Послевоенная польская культура, связанная со свидетельствами Катастрофы, формировалась не только с позиции наблюдателей. Ведь если предположить последнее, даже руководствуясь нравственно-благородной задачей разобраться с собственной, коллективной позицией пассивности, то за бортом останется многое другое, маргинализированы будут те явления польской культуры, которые относятся к свидетельствам еврейским. Таким образом, скорее следовало бы указать на недостаточное присвоение многих существенных явлений, которые возникали в рамках польской культуры, или же на полное отсутствие осознания еврейского опыта, вписанного во множество выдающихся художественных произведений. Те роли в «деле» Катастрофы, о которых писал Хильберг, оказывались тут размыты. Это во-первых. Во-вторых, следует критически приглядеться ко всем деформациям, какими отмечены польские свидетельства Катастрофы, хотя бы для того, чтобы прокомментировать те обвинения в антисемитизме, которые постигли многих польских художников (особенно если на их художественные произведения смотрели через призму западных дискурсов Холокоста и оценивали как антисемитские уже в силу национальности их авторов – так стало с рассказом Анджеевского «Страстная неделя», фильмом Вайды «Корчак», видео Жмиевского «Пятнашки»). В-третьих, надо отметить, что позиция свидетеля стала в польской культуре рискованной, она подверглась разнообразным процессам вытеснения и различным стратегиям зашифровывания. В послевоенной Польше часто вообще не было ясно, с какой позиции кто-либо свидетельствует; нелегко было распознать, что является причиной деформаций, которым подвергался акт свидетельствования; и в конце концов – позиция свидетеля постепенно все более и более вытеснялась. При этом с самого начала нужно отметить, что причины этого молчания – сложные, отнюдь не однозначные. Среди них, конечно, могло быть и равнодушие к судьбе евреев, но также и тактичность или даже попытка огородить людей, прошедших через ад, от дальнейшей стигматизации.

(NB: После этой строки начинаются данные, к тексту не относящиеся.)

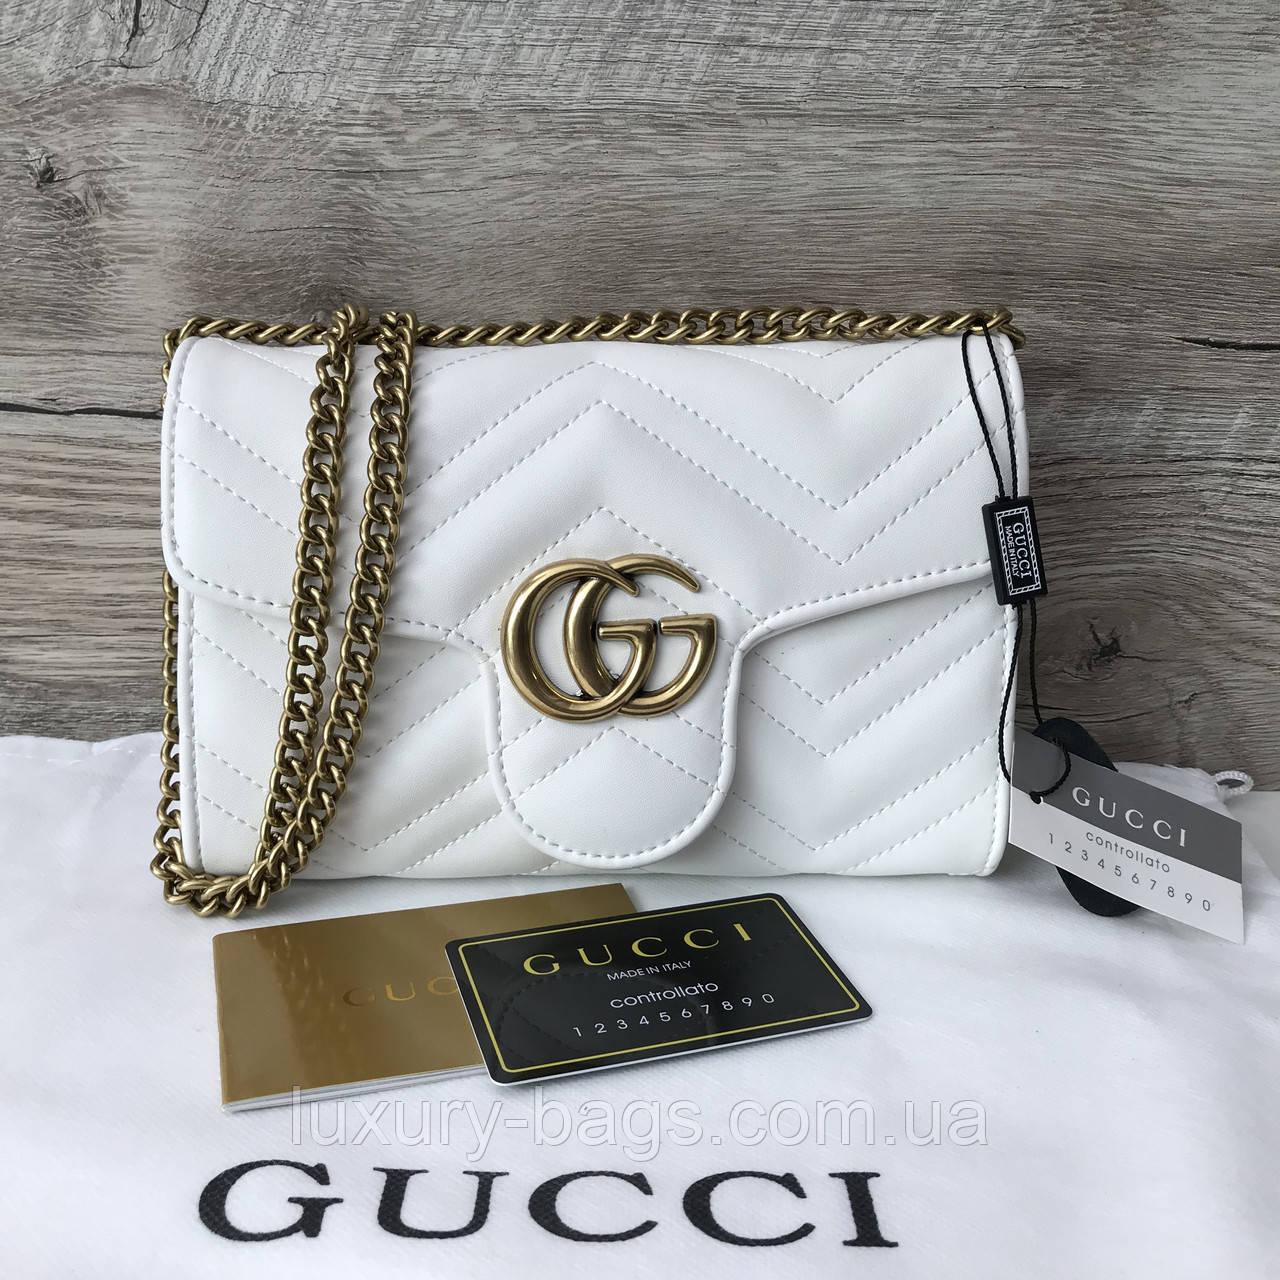 ccd5f10ae3f1 Женская сумка Gucci Гуччи опт: продажа, цена в Одессе. женские ...

Польская литература (и шире – польская культура) несет в себе обильное свидетельство о жертвах Катастрофы. В том числе о жертвах, которые, благодаря «хорошей внешности», помощи друзей, своей собственной предприимчивости и смелости, а также благодаря счастливому стечению обстоятельств могли оказаться в группе свидетелей-наблюдателей – наблюдать события именно с такой позиции, а в то же самое время их переживать, благодаря факту полной идентификации с жертвами. Ведь польская культура, в том числе послевоенная, создавалась также и ассимилированными евреями, поляками с еврейскими корнями, так что вряд ли тут возможно определить какую-либо одну общую перспективу, а кроме того нужно принимать во внимание самые разные факторы вытеснения прошлого – не только ощущение вины пассивных наблюдателей, но, например, потребность преодолеть воспоминания о собственном унижении. В случае литературных текстов можно говорить и о том, что эта особенная позиция автора, живущего на пересечении двух культур, наблюдавшего Катастрофу с двух позиций, была более или менее непосредственно проявляема, что позволило Яну Блонскому говорить о таком имевшем место в послевоенные годы явлении, как «еврейская школа польской литературы».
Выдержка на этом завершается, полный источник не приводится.